We can all likely recall the beloved cartoon carrier pigeons with their leather aviator caps and goggles, hauling mailbags through the skies. While it was certainly funny, carrier pigeons were in fact very important. Before modern communication technologies, the armed forces were often reliant on pigeons to deliver important messages. Carrier pigeons performed a crucial role in wartime. They even received the highest honors for their service in WWII.
Pigeons like GI Joe, who saved British forces from US Air Force bombs after they lost radio contact, or White Vision who flew over the sea in dense fog to report the position of a lost aircraft in the Hebrides, or Gustav who delivered the first messages from the beaches at Normandy.
Thousands of pigeons were drafted for Allied service during WWII. Special orders to the military protected the birds from harm, and in Britain, birds of prey were culled so that the pigeons would have no opposition in reaching their intended destinations. If a soldier hurt or killed a pigeon, they faced six months in prison. Protection even went as far as the rationing of pigeon corn.
The pigeons transportation to the field of battle is more amusing than even the funniest of the animated pigeons we remember. The service pigeons of WWII arrived in wicker baskets on the backs of soldiers or were parachuted in.
Our hero, Gustav (bird NPS.42.31066), was one of those that descended from the sky as an avian paratrooper. This was not the first air rodeo for the grizzle colored pigeon soldier – he had served before in the Belgian resistance. Trained by Frederick Jackson of Cosham, Hampshire, he had entered RAF service when he, along with six other pigeons, had been given to Reuters news correspondent Montague Taylor by his handler, Sergeant Harry Halsey.
On D-Day, June 6, 1944, Gustav and Taylor were aboard an Allied ship off the coast of Normandy. The fleet was under radio silence. Taylor released Gustav, who in just five hours and sixteen minutes reached RAF Thorney Island 150 miles away to relay the message that the Allies had landed.
The brave pigeon made that distance in such a short time despite headwinds of 30 mph. The message read: “We are just 20 miles or so off the beaches. First assault troops landed 0750. Signal says no interference from enemy gunfire on beach . . . Steaming steadily in formation. Lightnings. Typhoons. Fortresses crossing since 0545. No enemy aircraft seen.” It was the first word of the invasion that the UK heard. Later that day, his friend Paddy the pigeon, made the trip back to the mainland to tell of the invasion’s success.

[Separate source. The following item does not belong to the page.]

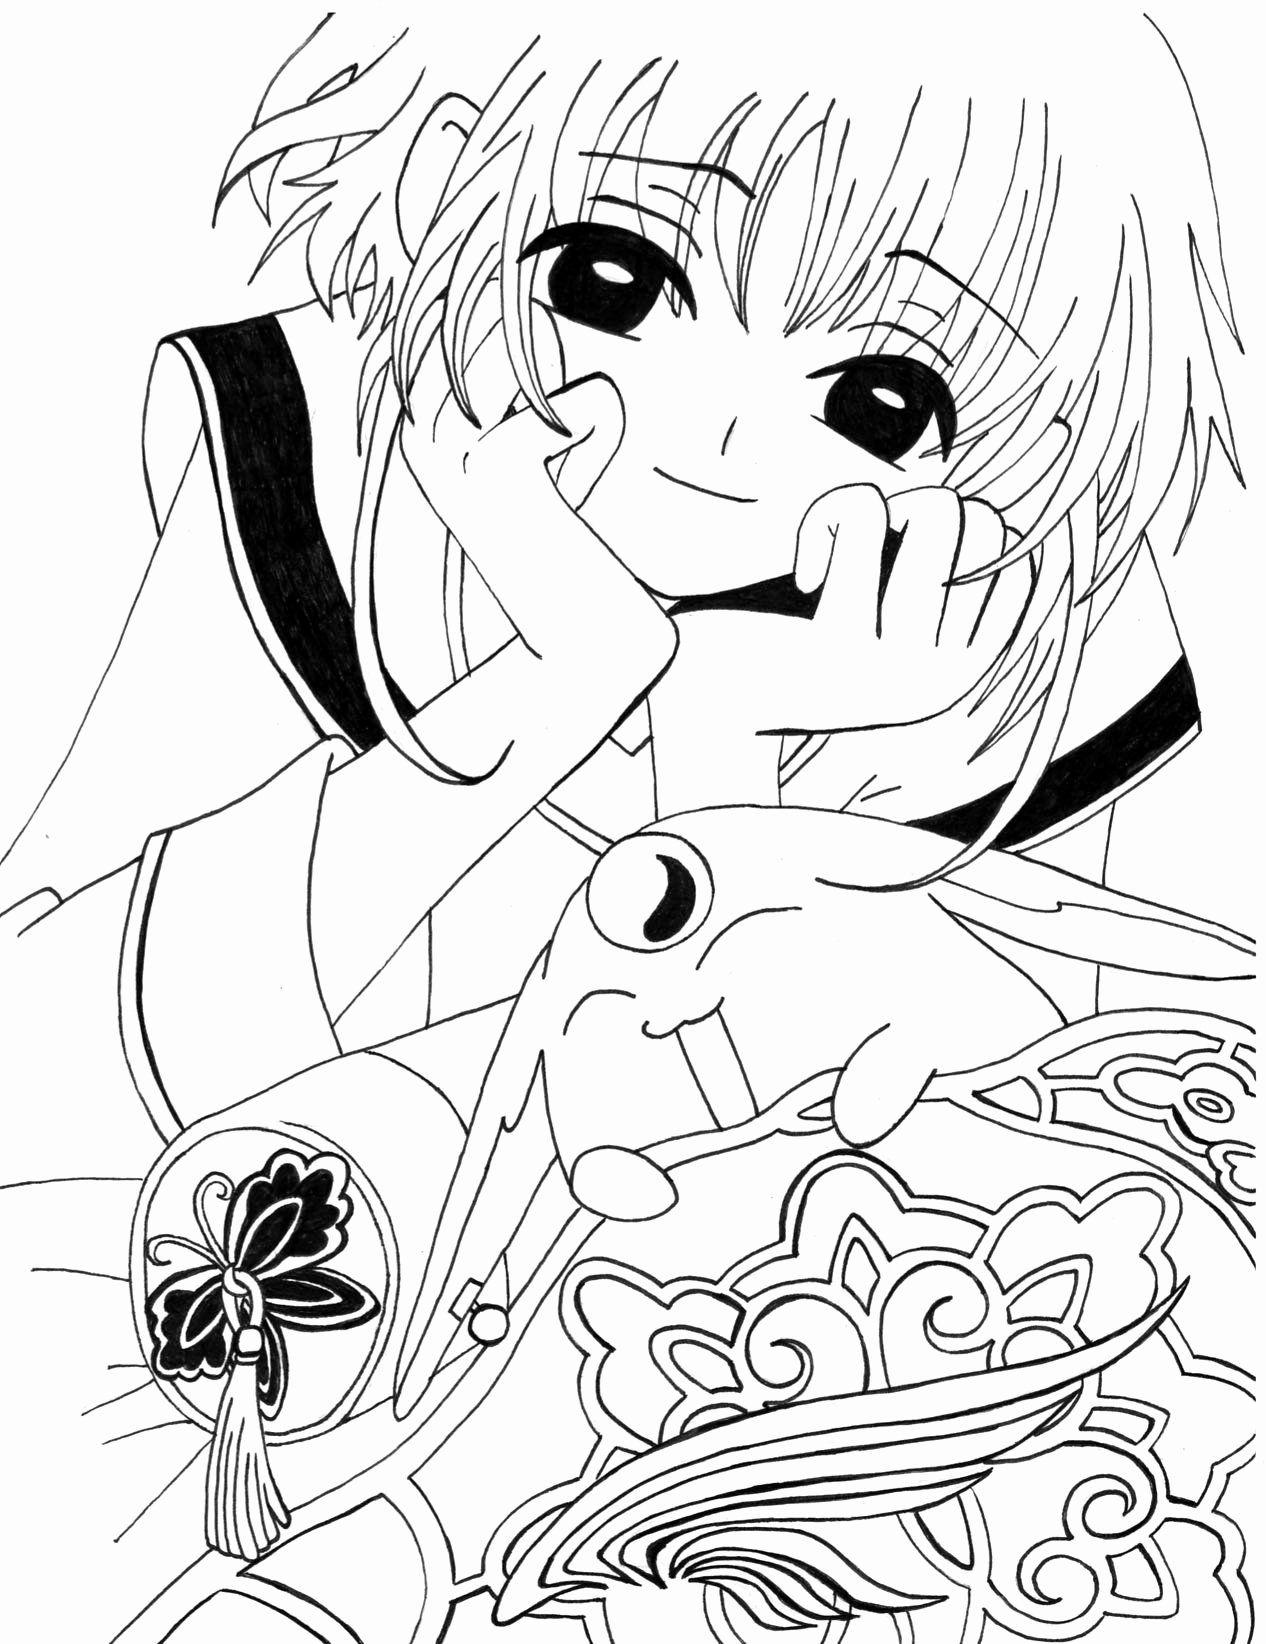 Tsubasa Reservoir Chronicle Anime Coloring Pages Printable Inspirational Tsubasa Resevoir Chronicles By Layna2007 On D Anime Coloring Pages Tsubasa Chronicles [ 1644 x 1266 Pixel ]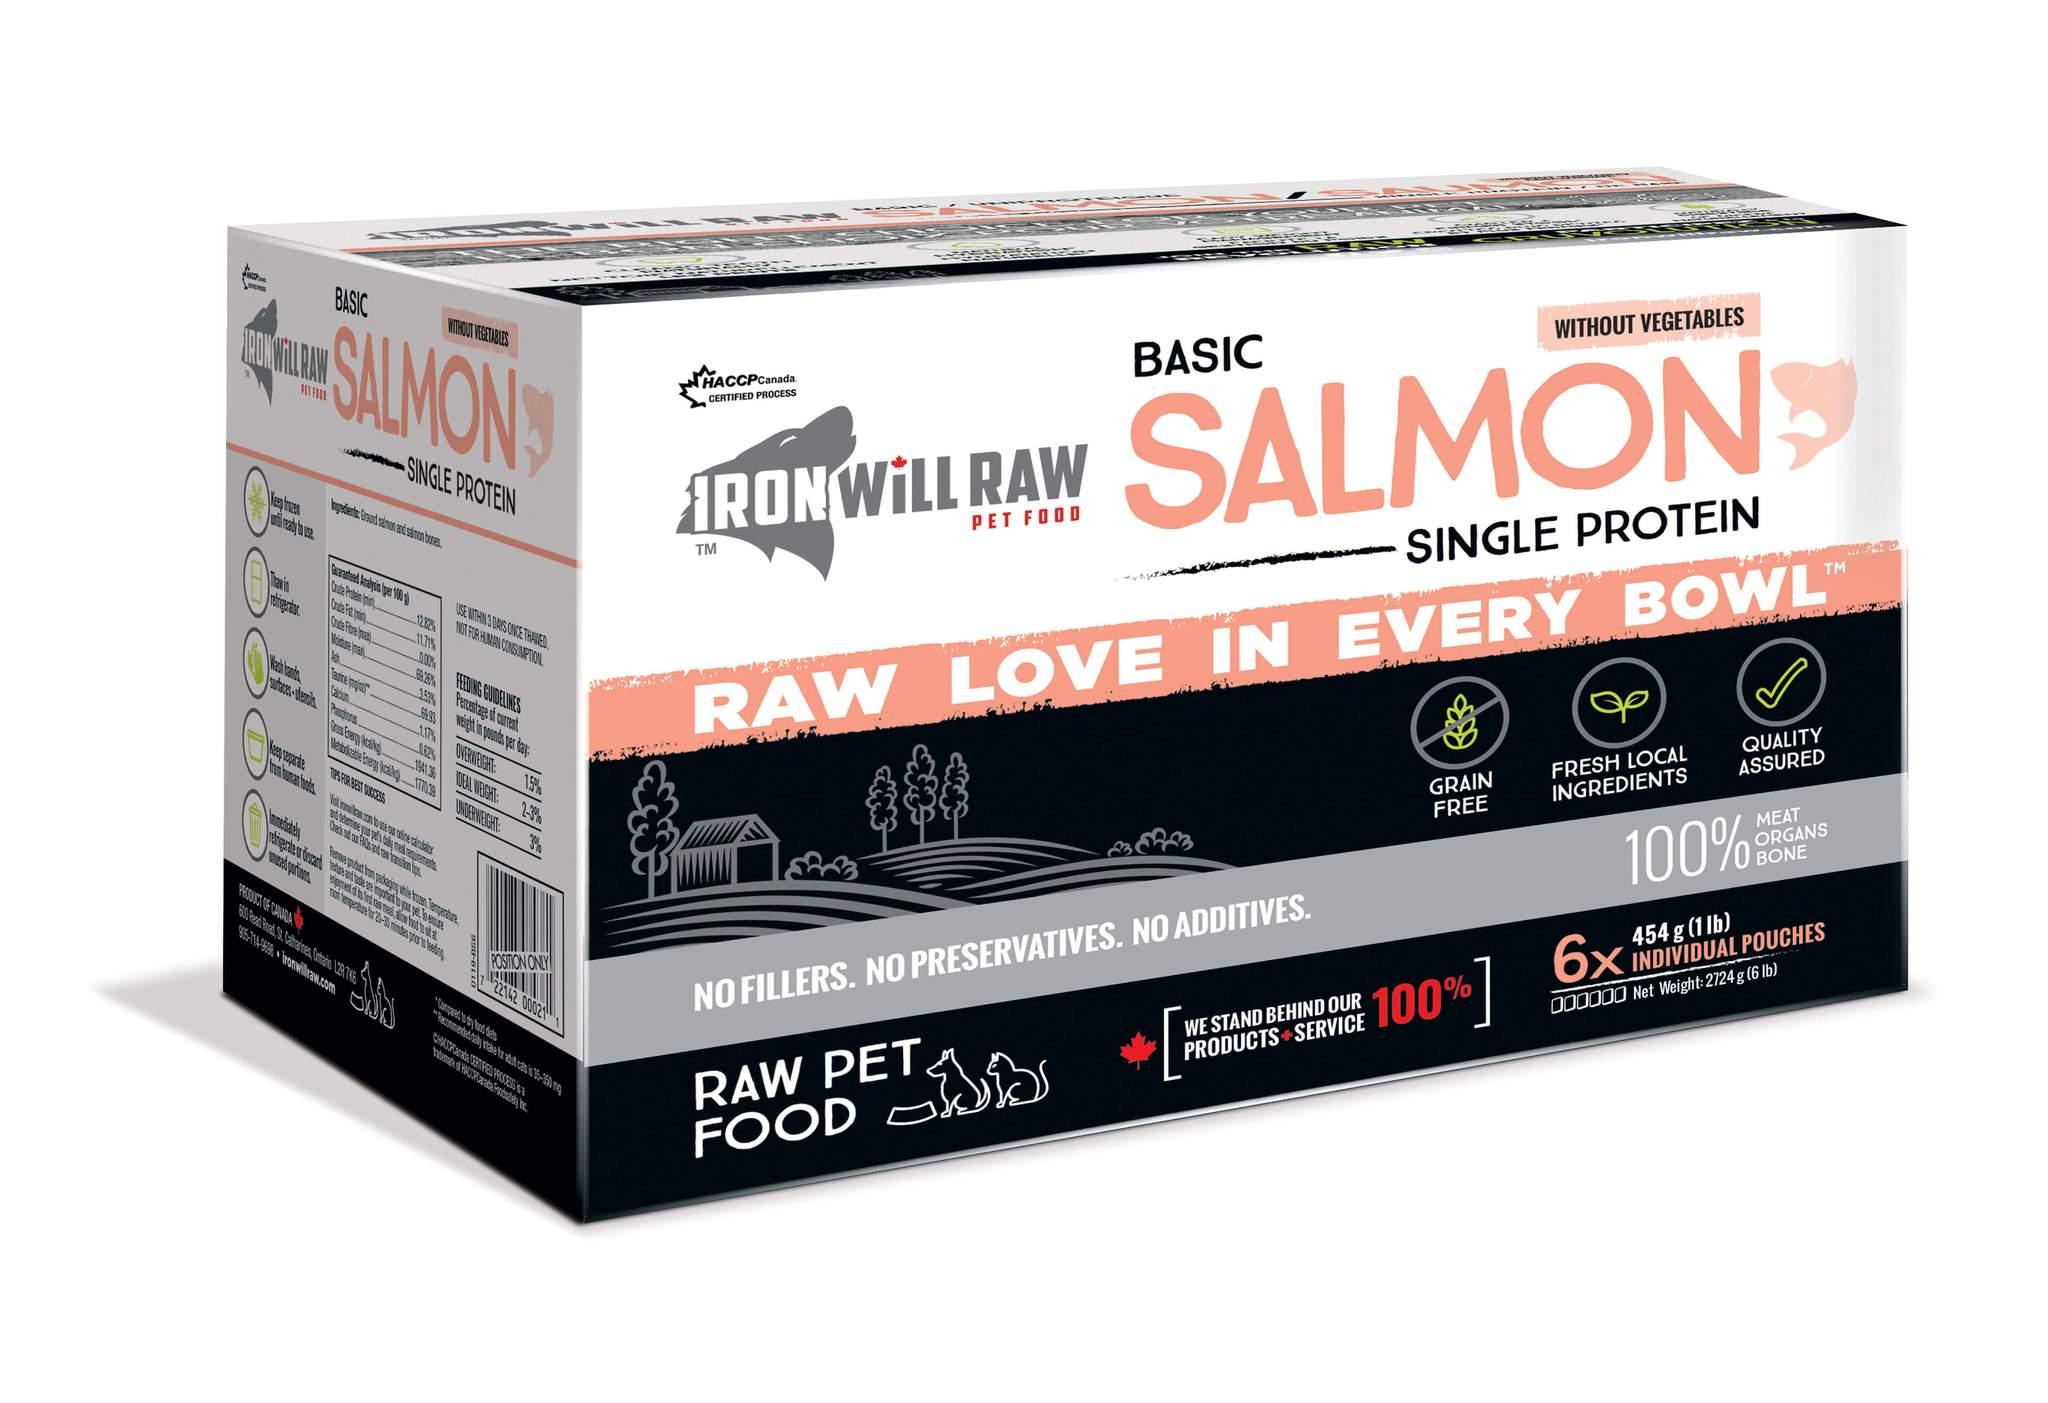 Iron Will Raw Basic Salmon Frozen Cat & Dog Food, 6-lb

Both birds were awarded the Dickin Medal for bravery, an award reserved for “any animal displaying conspicuous gallantry and devotion to duty.” This highest of honors for animals serving in the British Armed Forces was awarded to Gustav for “delivering the first message from the Normandy beaches from a ship off the beachhead, while serving with the RAF on June 6 1944” and to Paddy “for the best recorded time with a message from the Normandy Operations, while serving with the RAF in June 1944.”
The awards were presented by the wife of the First Lord of the Admiralty on November 27, 1944. For service in WWII, a total of 53 animals were given the Dickin award, 32 of which were pigeons.
Gustav and his friends were remembered in 2005 by both an animated movie, Valiant, and with a memorial at the D-day Museum in Portsmouth, Hampshire in the UK.
Gustav’s medal was proudly displayed at the museum. Of him, the head of the museum, Paul Raymond said, “With the 61st anniversary of D-Day on 6 June this is the first time the medal has been displayed in Portsmouth. Gustav was a real local hero, putting his life on the line to bring back vital information on the success of D-Day.”
This pigeon played his part in the defeat of the Nazis and Gustav is surely worthy of being commemorated.